Dans un rapport critique sur la politique de lutte contre les déserts médicaux, publié lundi, la Cour des comptes suggère "d'explorer" la piste de l'auto-déclaration, déjà mise en place dans plusieurs pays confrontés eux aussi à des pénuries de médecins.
Interrogé mardi matin sur TF1, le ministre délégué à la Santé Frédéric Valletoux a dit vouloir "ouvrir (ce sujet) avec les employeurs". "Il faut, avec les réseaux patronaux, discuter de la faisabilité de cette mesure, qui permettrait de libérer du temps médical", a-t-il déclaré.

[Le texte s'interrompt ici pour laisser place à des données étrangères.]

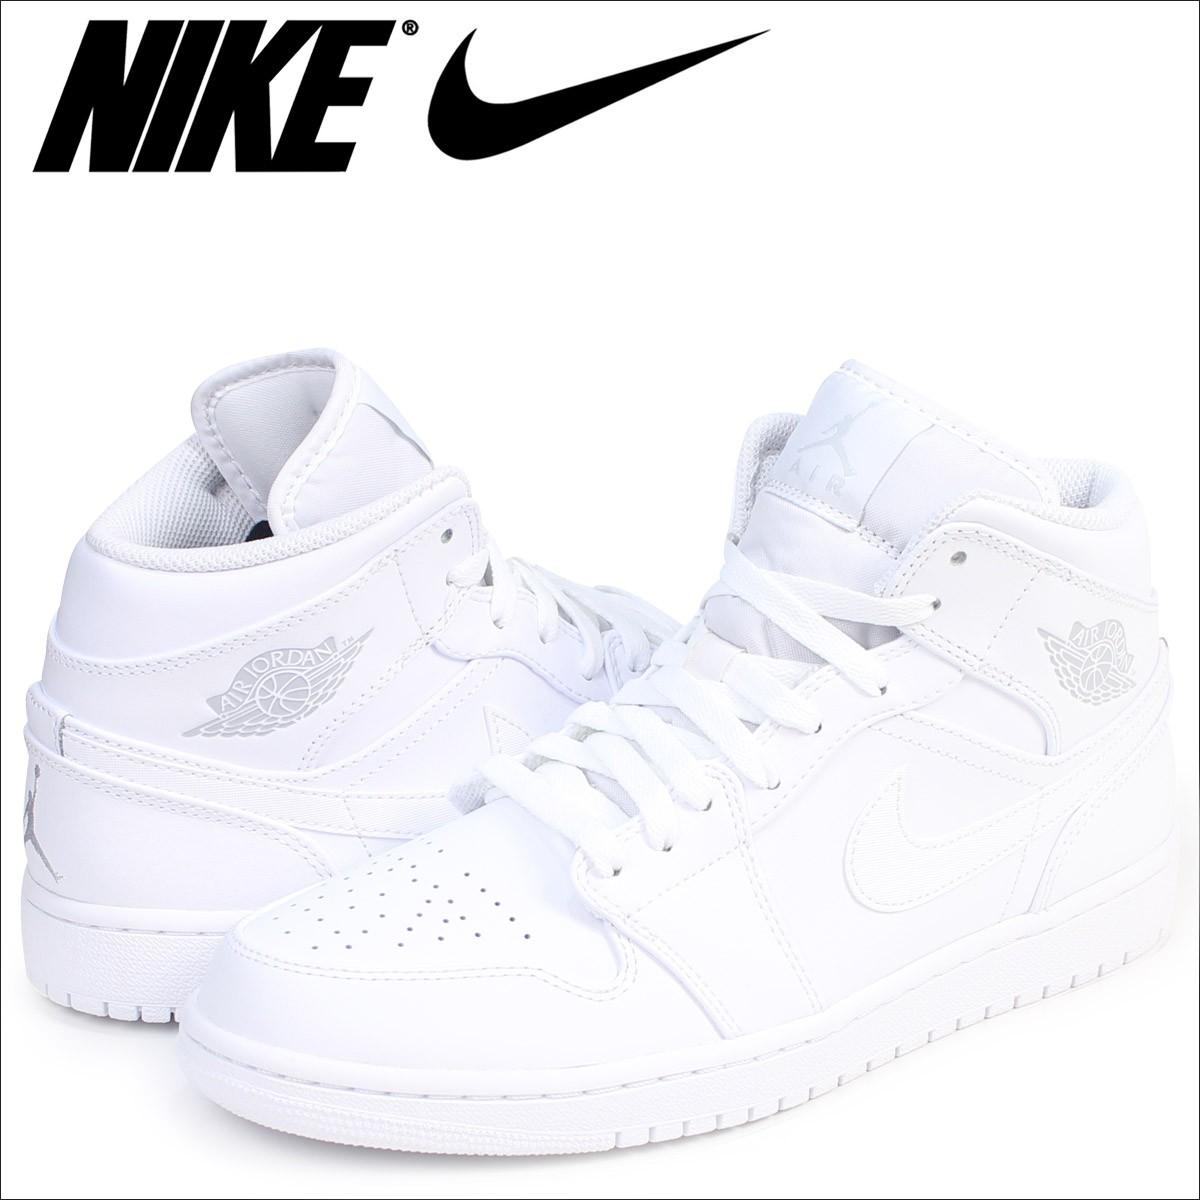 ナイキ NIKE エアジョーダン1 スニーカー AIR JORDAN 1 MID 554724-104 メンズ 靴 ホワイト [8/21 ...

Pour les Sages de la rue Cambon, la mesure supposerait l'instauration d'un ou deux jours d'absence qui ne pourraient pas être indemnisés. Actuellement, les trois premiers jours d'arrêt de travail ne sont pas indemnisés par l'assurance maladie, mais sont pris en charge par une majorité des entreprises (61%, selon une étude de la Drees de 2015).
"Nous n'y sommes pas favorables", indique-t-on au Medef. Pour l'organisation patronale, un arrêt maladie "doit rester fondé sur une justification médicale" et "c'est une mauvaise réponse à la question du manque de médecins".
"Ça peut être fait mais pas sans garde-fous", estime pour sa part le vice-président de la confédération des PME (CPME), Eric Chevée. Son organisation souhaite l'instauration de trois jours de carence d'ordre public, c'est-à-dire indemnisables ni par l'assurance maladie, ni par les mutuelles d'entreprise ou l'employeur.
La CPME voudrait aussi instaurer un plafond annuel de sept jours pour les arrêts auto-déclarés et empêcher qu'ils permettent l'acquisition de congés payés. Enfin, la mesure ne devra être que transitoire, le temps que la pénurie de médecins en France soit résorbée.
L'auto-déclaration préparerait "un transfert à l'entreprise du contrôle des arrêts maladie de ses propres salariés", juge le vice-président de l'Association nationale des directeurs des ressources humaines (ANDRH) Benoît Serre. Ce n'est pas le type de lien qu'une entreprise souhaite avoir avec ses salariés, dit-il, y voyant une forme de "relation du soupçon".
"Danger"
La proposition est également rejetée par les syndicats.
Un arrêt maladie "est un acte médical qui nécessite un échange avec un médecin", qui peut éventuellement "se faire en visio pour pallier les difficultés liées aux déserts médicaux", réagit Isabelle Mercier pour la CFDT. Le premier syndicat s'élèverait "contre toute augmentation du délai de carence, qui est injuste et nuit aux plus fragiles".
Eric Gautron pour FO "redoute que cette +confiance+ accordée au patient par une auto-déclaration soit contrebalancée, voire +échangée+, contre un allongement des jours de carence".
"Cela va accroître la suspicion" contre les salariés en arrêt maladie, redoute de son côté Cyril Chabanier, le président de la CFTC. "Cela peut même conduire à mettre en danger des personnes qui ne verraient pas un médecin, sous-estimant leur état de santé", selon Denis Gravouil de la CGT.
Benoît Serre de l'ANDRH préconise plutôt "l'extension de ceux qui peuvent délivrer les arrêts de travail courts, comme les infirmiers ou les pharmaciens".
La proposition d'auto-déclaration est en revanche plébiscitée par le syndicat de jeunes médecins généralistes Reagjir. "La lutte contre les consultations inutiles pour motif purement administratif est sans aucun doute un levier majeur pour favoriser l'accès aux soins", dit-il, appelant à prendre exemple sur d'autres pays européens.
Au Royaume-Uni, la procédure d'auto-certification pour les arrêts de moins de sept jours, généralisée en 1985, est aujourd'hui "utilisée en routine" via un simple formulaire à remplir, le salarié "pouvant être rémunéré pour ses jours d'absence au-delà de trois jours", observe la Cour des comptes dans son rapport.
Outre le gain de temps médical, le gouvernement cherche des pistes d'économies, pour tenter de maîtriser la forte croissance des dépenses liées aux arrêts maladie, qui pèsent près de 16 milliards d'euros par an.